Espacio suficiente, página en blanco e inagotable capacidad de sufrimiento: parece como si el ruso, demasiado grande para enfundarse una armadura diseñada por las damas de Occitania, demasiado sentimental, apasionado y anhelante para ser canalizado por acequias parisienses, hallara al fin en el mundo de la técnica el molde capaz de contenerle, estilizarle y rehacerle. "Desde el día en que descubrí la electricidad dejé de interesarme por la naturaleza", dicen que dijo Maiakovski.

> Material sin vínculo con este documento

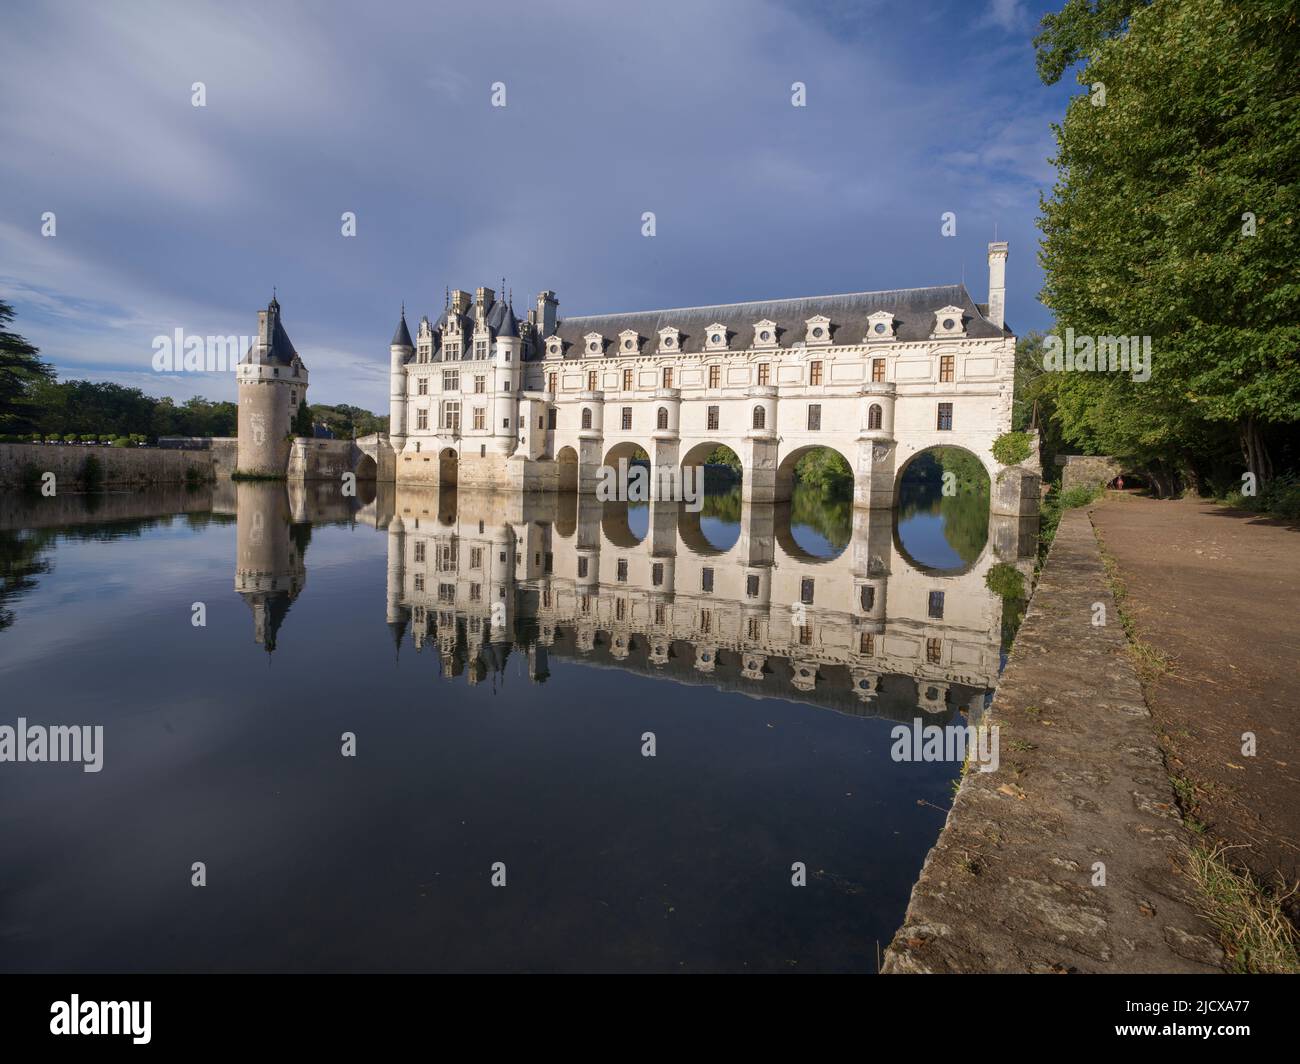 Chateau de Chenonceau castle reflected in the water, UNESCO World Heritage Site, Chenonceau, Indre-et-Loire, Centre-Val de Loire, France, Europe Stock Photo

Imaginemos (si podemos) lo que puede hacer con la electricidad (o peor, con la robótica) un pueblo forjado en la doma de una naturaleza tan sádica, inhóspita y desmesurada como aquélla, una naturaleza que precisamente dejó de interesarle al descubrir una enemiga todavía más terrtible y poderosa.

LA MUERTE DE EUROPA

Sólo el terror al vacío y a las tierras movedizas, esa nostalgia de patria de la que hablaba Dostoievski, impide al ruso cortar las últimas amarras que le ligan al pasado -me refiero a la doctrina marxistaleninista- y optar por la vía americana. Es decir, abismarse en la modernidad y sus secuelas, lanzarse a un viaje sin retorno.

En fin, quizá sea mejor que se contengan y sigan encendiendo velas a sus iconos. El águila es bicéfala y necesita, para no perder de vista este planeta, un contrapeso burocrático: si Gorbachov cortara las amarras, un nuevo Roosevelt subiría al poder en Norteamérica e inauguraría una era de planes quinquenales.

En cuanto a Europa, me temo que poco tiene que hacer en este mundo de gigantes, pues ella pertenece a otra dimensión..., a no ser que acceda a que transformen sus reservas y museos en desiertos.

Podemos optar por América o por la URSS, por la libertad del pordiosero o la seguridad del funcionario, e incluso combinar las dos estrellas y construirnos un oasis de tibia luz anaranjada en medio del desierto: a la sombra de esas -p almas, defendidos de Octavio por los misiles de Antonio (o viceversa), oficiaremos, así Grecia, de conciencia ética y estética del mundo. Hagamos lo que hagamos, la suerte ya está echada; difícilmente nuestra Hélade logrará escapar a su destino: un destino verde o blanco (el blanco del invierno nuclear), layetano o numantino, en todo caso hindú.

A modo de epitafio añadiré lo que escribió Jünger al ver pasar por delante de su casa los blindados norteamericanos, pensamiento con el que concluye su diario de guerra:

"Se puede ver lo necesario, comprenderlo, quererlo, amarlo incluso, y al mismo tiempo sentirse penetrado por un dolor infinito. Es preciso saber esto si se quiere captar el sentido de nuestra época y de su humanidad. ¿Cuáles son en este juego los dolores del parto y cuáles los de la agonía? Quizá sean idénticos; así, cuando el sol se pone, sale al mismo tiempo sobre otros mundos".

1. Traducción de Augusto Vidal. Bruguera, Libro Amigo, 1983. 2. Strahlungen. Diario de guerra y ocupación (19391948). Traducción de Ana María de la Fuente. Plaza y Janés, 1972. Lamentablemente, se trata de una edición resumida, poco más de la tercera parte del original. Para quienes deseen el texto completo y no dominen el alemán, existe una excelente versión francesa en cuatro tomos publicada por Christian Bourgois Editeur, 1980. El primero de estos tomos -Jardins el routes- está publicado además en Livre de Poche, Biblio, número 3.006, 1979. Las citas han sido extraídas de la versión castellana, salvo las dos últimas, en que he optado por la francesa.